Even if the $\langle B \rangle - \langle V\rangle$ color of the highest mass models are significatively lower than the observed values (see Table 3), taking into account the uncertainties in the color estimates, we conservatively decided to include these models.

The accepted ranges of mass, luminosity, effective temperature, apparent visual distance modulus and color are reported in the second line of Table 3. The large range of accepted mass values leads to a relatively wide range of luminosities and thus of distance modulus: $\mu_V^{\rm V126}\approx 15.2\pm0.1$ . The models in the bottom panels of Fig. 9 are shown in Fig. 11 in the B band. As for V128, the quality of the comparison between theory and observations is slightly worse than in the V band, but the obtained results are consistent. The colors of the accepted models for V126 (but the already discussed highest mass models) are in agreement with the observed values and the difference between the inferred apparent B and V distance moduli is consistent with a very low reddening value.

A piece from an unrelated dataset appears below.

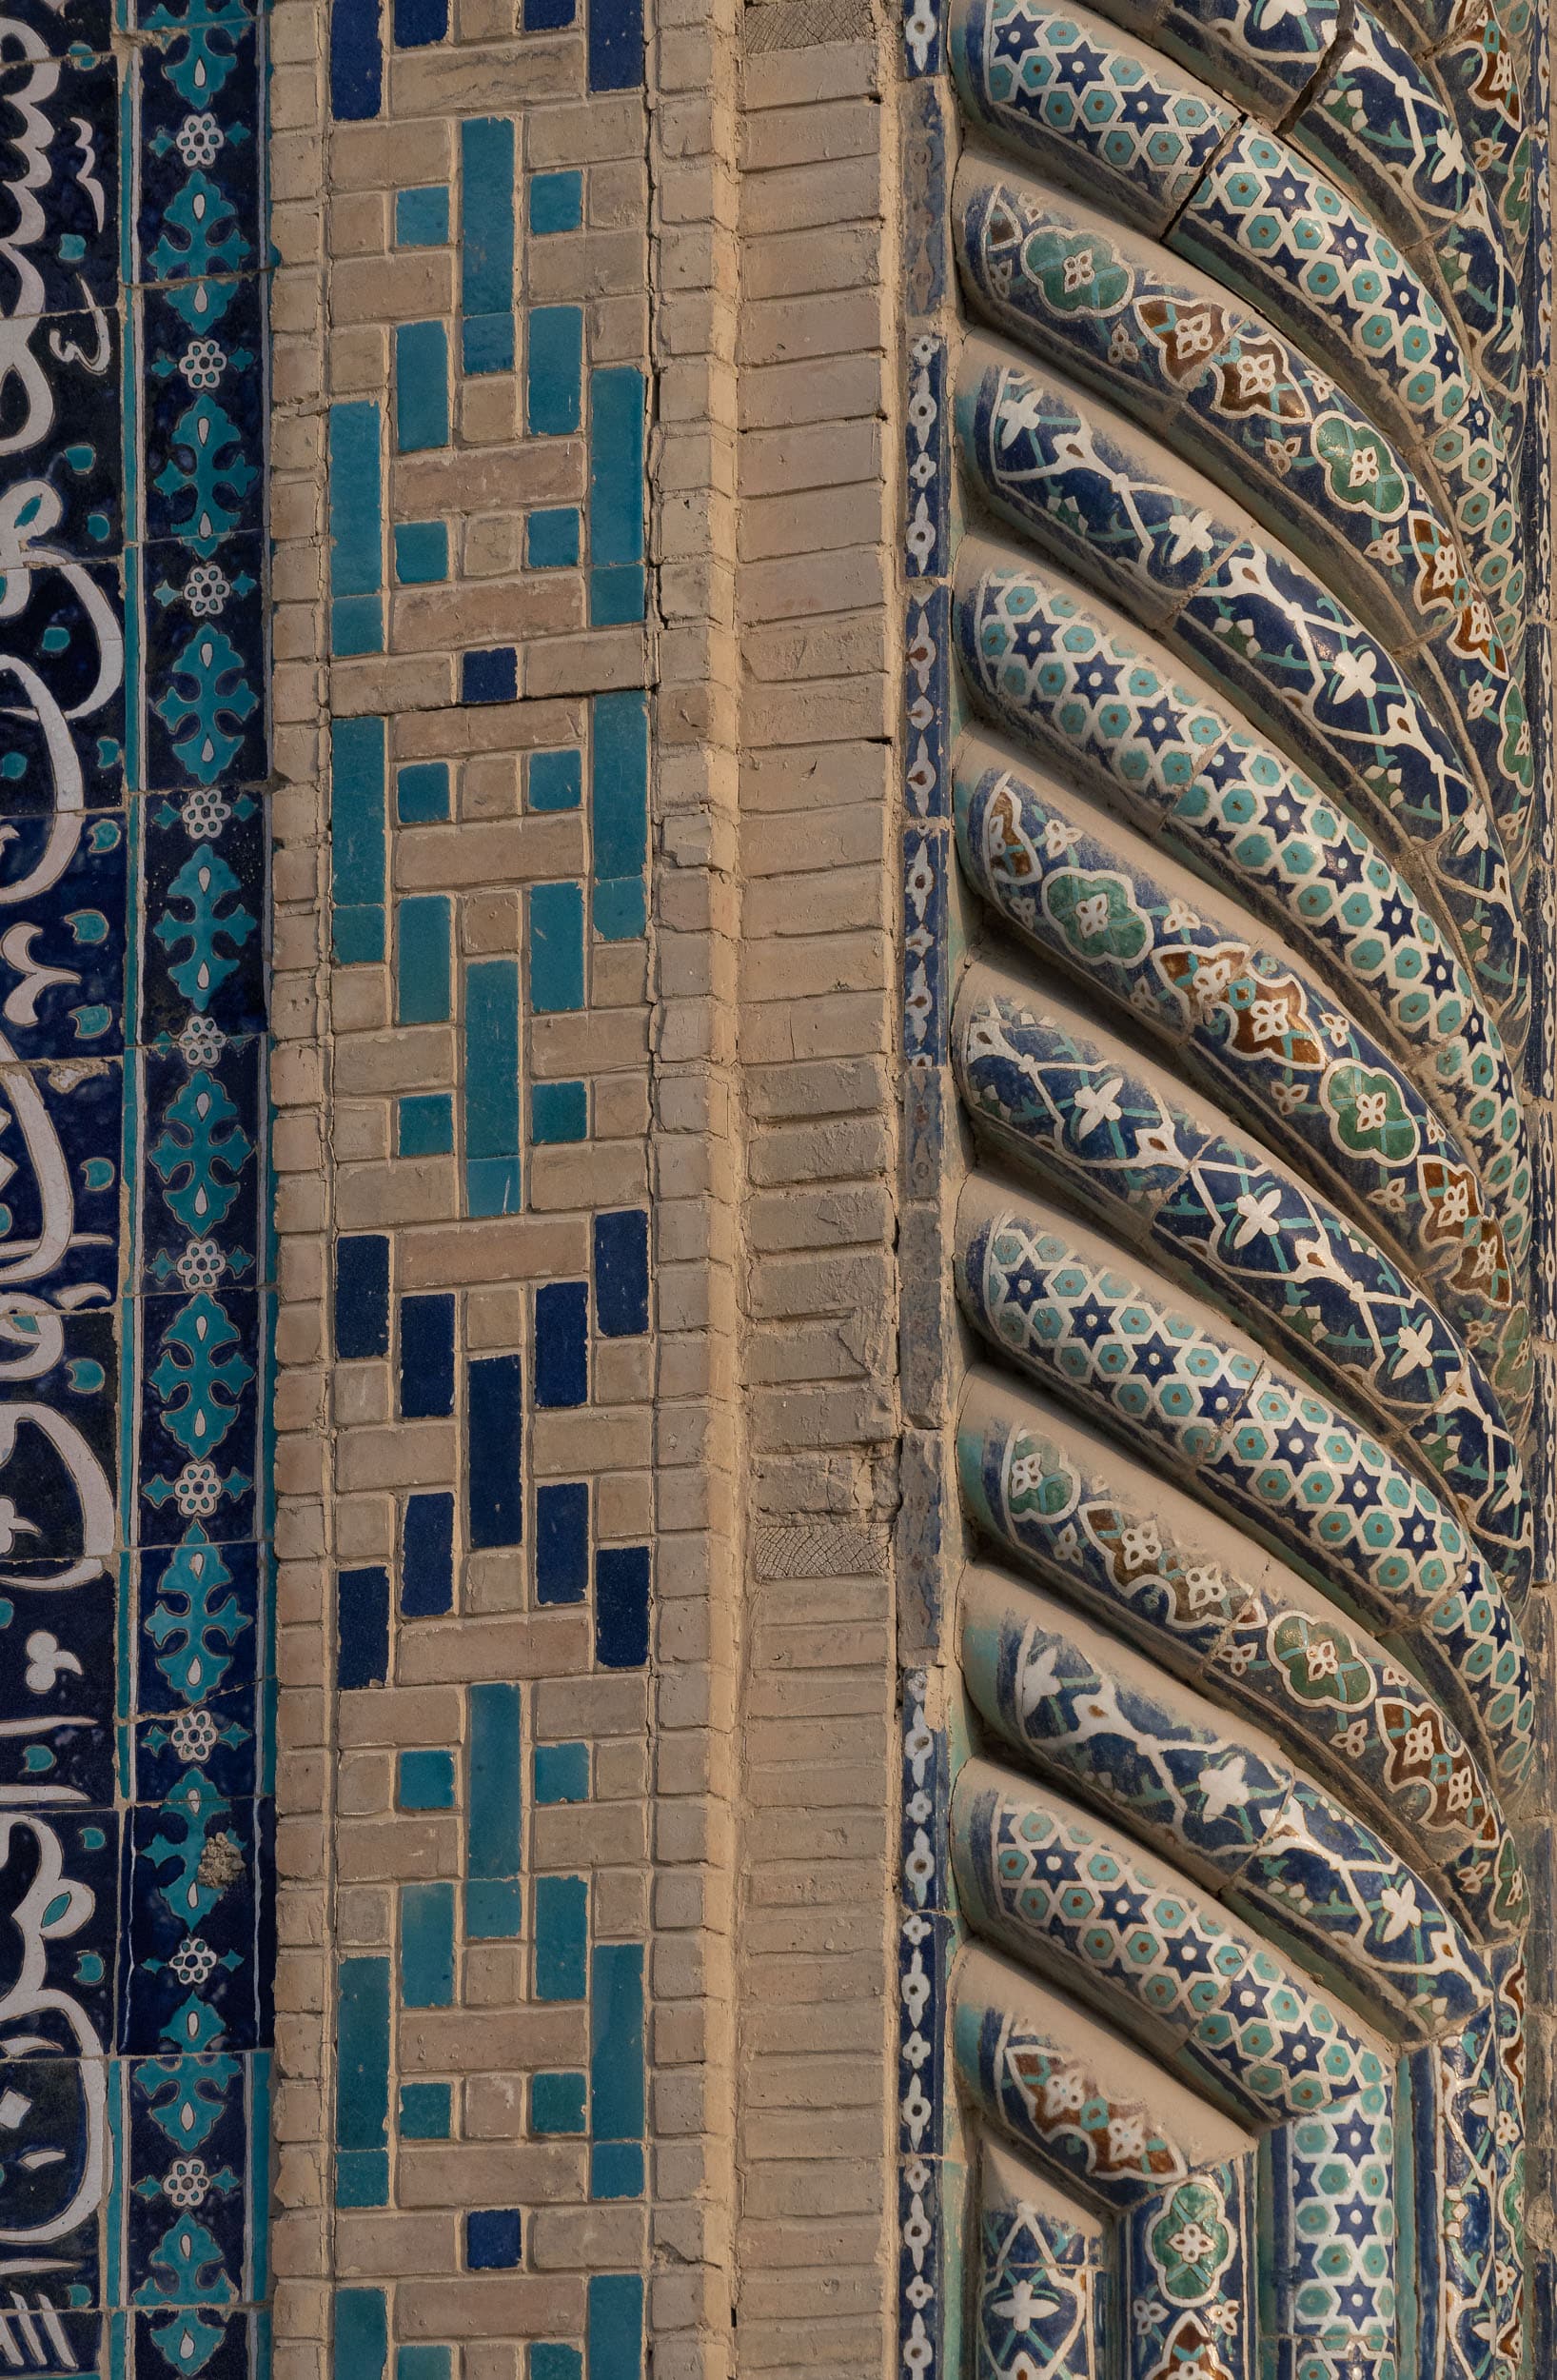 Mosaics of Uzbekistan

In the previous section we have shown for V128 that small variations of the $\alpha$ parameter (higher variations are not allowed as a result of the requirement to reproduce the observed light curve morphology and period) do not significantly change the accepted range of stellar parameters. We checked that this is true also for V126.

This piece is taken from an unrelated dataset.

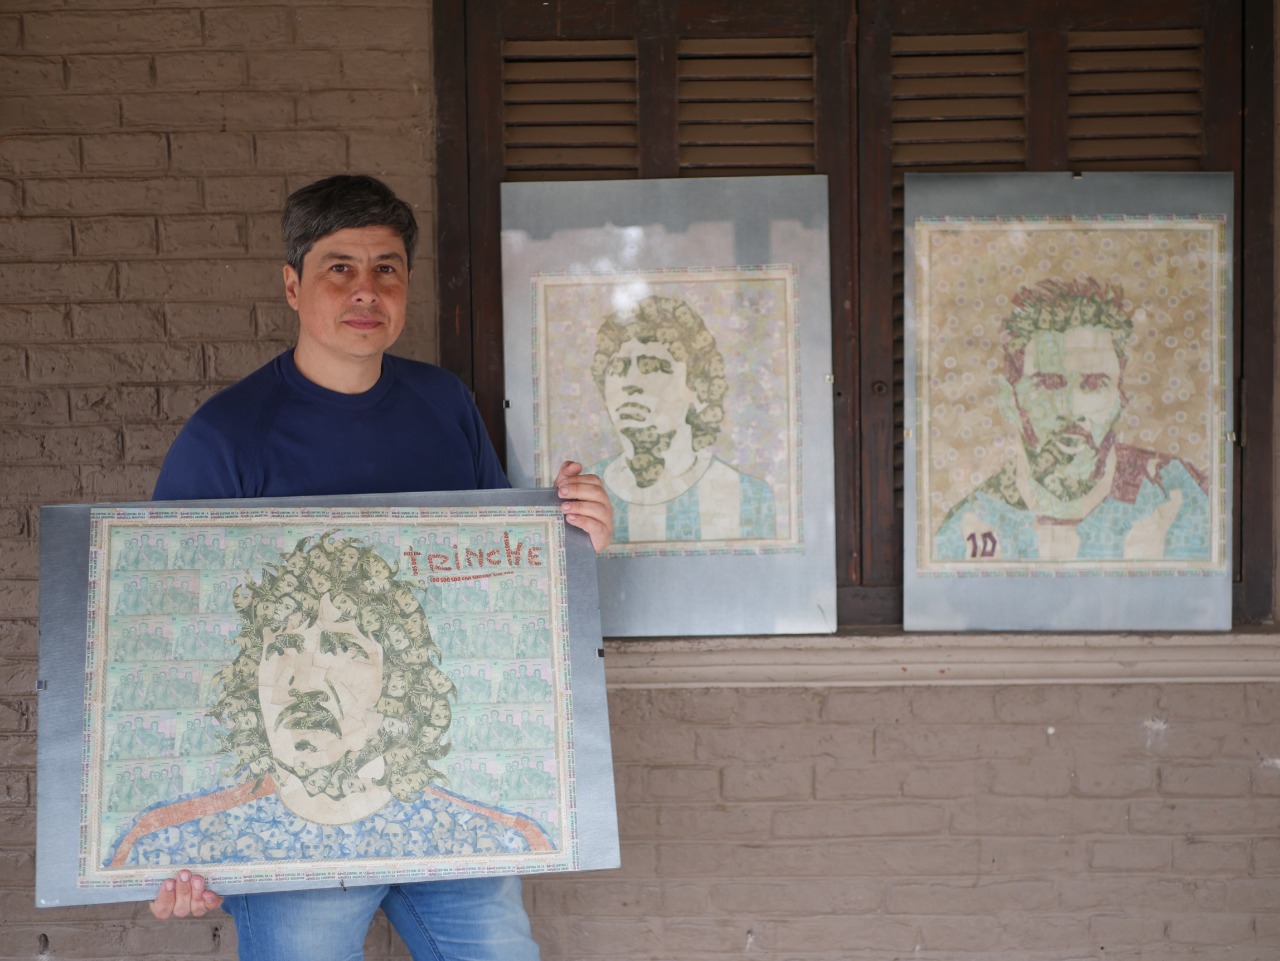 Emiliano Sacco, el artista que hizo retratos de Messi, Maradona y el Trinche con billetes de 2 y 5 pesos

Regarding the stellar parameters, we find indications for an effective temperature possibly lower than that of V128, as expected on the basis of the observed colors and periods; whereas the predicted luminosity could be brighter than that estimated for V128. These results could suggest a small evolutionary effect for V126 as is also possibly indicated by the evidence that this RR $_{\rm c}$ pulsator is redder than 7 RR $_{\rm ab}$ variables in the same sample. However, the observed apparent visual magnitude is the same as that of V128 within the photometric error (see Table 2) so that, even taking into account the effect of bolometric corrections, the two pulsators should have similar intrinsic luminosities.

2.3 Variable V72

Variable V72 is a fundamental pulsator with an intensity weighted B-V color intermediate between those of the RR $_{\rm c}$ V126 and V128, likely close to the blue boundary of the fundamental instability strip. This assumption is also supported by the large amplitude of its visual light curve. In order to find possible theoretical models for this fundamental variable we adopted the same method as for the RR $_{\rm c}$ pulsators. Indeed, as expected (see the discussion in Sect. 2), the best agreement is not obtained for $\alpha =1.5$ (see Fig. 12). The best match is found when $\alpha$ is increased to 2.0, and by assuming a non-vanishing overshooting efficiency in the regions in which the superadiabatic gradient is negative (see Eq. (7) and Sect. 3 in BS94). Given the higher and more asymmetric shape of fundamental light curves, the agreement between the observed and theoretical light curve is not within the 0.05 mag level at all phase points, as in the V128, V126 cases. At most we find an agreement within $\pm$ 0.08 mag. Therefore we consider as acceptable models for V72, those which show a difference with observations $\leq$ 0.08 mag at all the phase points.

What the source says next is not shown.